= Barry Gurary =

US-based rabbi

Barry Gurary (also: Gourary, Sholom Dovber or Berke) (b. in Rostov-on-Don, Russia February 10, 1923, d. Montclair, New Jersey, United States March 14, 2005) was a rabbi. He was the nephew of Rabbi Menachem Mendel Schneerson, the seventh Lubavitcher rebbe.

== Biography ==
Barry Gurary was the only son of Rabbi Shemaryahu Gurary and the nephew of Rabbi Menachem Mendel Schneerson. He married Mina Haskind.

Gurary's relationship with Schneerson was a source of friction within the family and the Chabad-Lubavitch Hasidic community.

One year after the death of his grandfather, Yosef Yitzchak Schneersohn, Menachem Mendel Schneerson became the seventh rebbe of the movement, while Shemaryahu Gurary, Barry Gurary's father, held the same positions he had in the past.

=== Agudas Chasidei Chabad v. Gourary ===

Gurary's grandfather, Yosef Yitzchak Schneersohn, collected a large library of Jewish texts, which included several hundred rare volumes. Gurary said he was entitled to a portion of the library and was supported in this by his mother and his grandfather's librarian, Rabbi Chaim Lieberman.

In 1984, Gurary entered the library and clandestinely stole many books which he sold to rare book dealers. One illuminated Passover Haggadah from 1757 was sold for $69,000 to a Swiss book dealer who soon found a private buyer to pay nearly $150,000 for it. Gurary was observed on a security camera taking the books.

Gurary said he had his mother's permission and the permission of his aunt, Menachem Mendel Schneerson's wife, to take the books. His aunt denied giving him permission. Schneerson demanded that the volumes be returned. When Gurary refused, also refusing Schneerson's summons to a Beth Din (rabbinical court), Schneerson's legal team sought a temporary restraining order that would impound the books still in Gurary's possession, and a ruling that the library was the property of Agudas Chasidei Chabad, the umbrella organization for the Chasidic movement. Schneerson's legal team included Nathan Lewin, former ambassador Jerome J. Shestack, and future Solicitor General of the United States Seth Waxman.

Schneerson said that the volumes were not the "personal possession" of Gurary's grandfather, but the "communal property" of the Lubavitch Hasidim. This view was supported by a letter from Gurary's grandfather indicating that the books were the heritage of the entire Jewish community.

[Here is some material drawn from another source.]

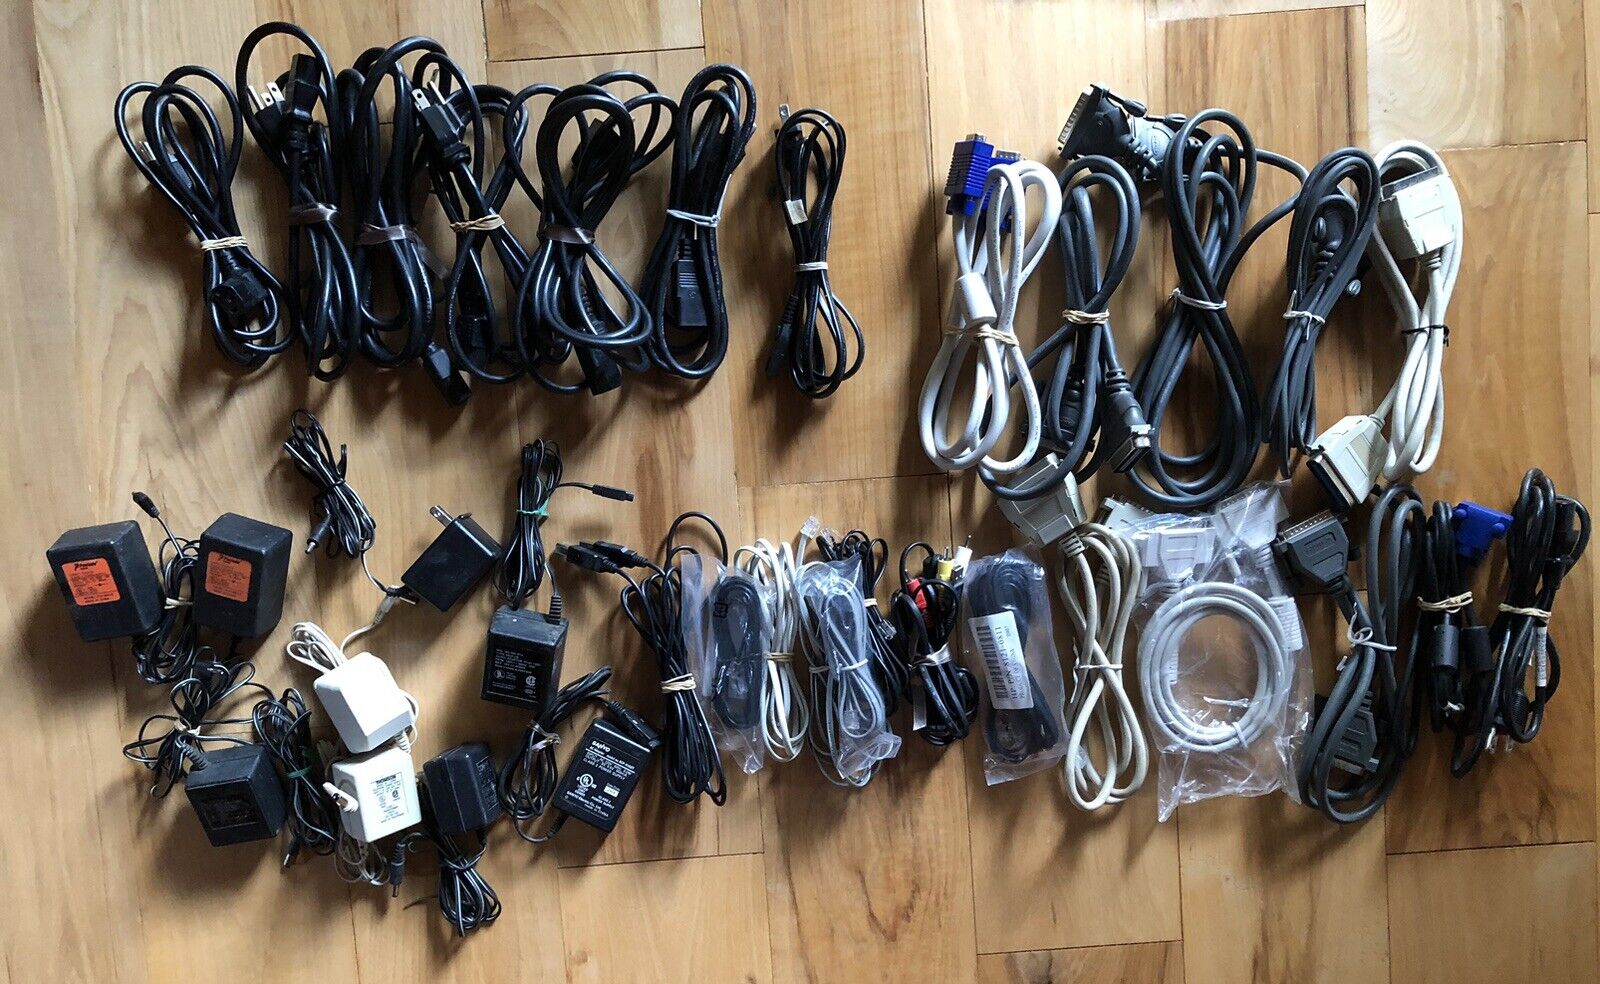 VTG Lot Of 34 Computer Power Supply Cords/3 Prong Cords/Connector/Printer Cables

During the court hearing, Gurary's mother supported him while his father supported Schneerson. Schneerson was not deposed, but his wife, Chaya Mushka Schneerson was. Other witnesses included Nobel Peace Prize recipient Elie Wiesel, who testified as an expert witness on Chasidic life.

On 5 Tevet 5747 (January 6 1986), the court ruled in favor of Agudas Chassidei Chabad, and the ruling was upheld on appeal in 1987. Agudas Chassidei Chabad located and paid the various book collectors who had bought the books from Gurary and the volumes were returned to the library. In total, Agudas Chassidei Chabad paid $432,000 to buy back the various books. Since then, the date of 5 Tevet (or Hei Teves) is celebrated among Chabad Chassids as "Didan Notzach" (דידן נצח, The Victory is ours).

Gurary worked as a management consultant.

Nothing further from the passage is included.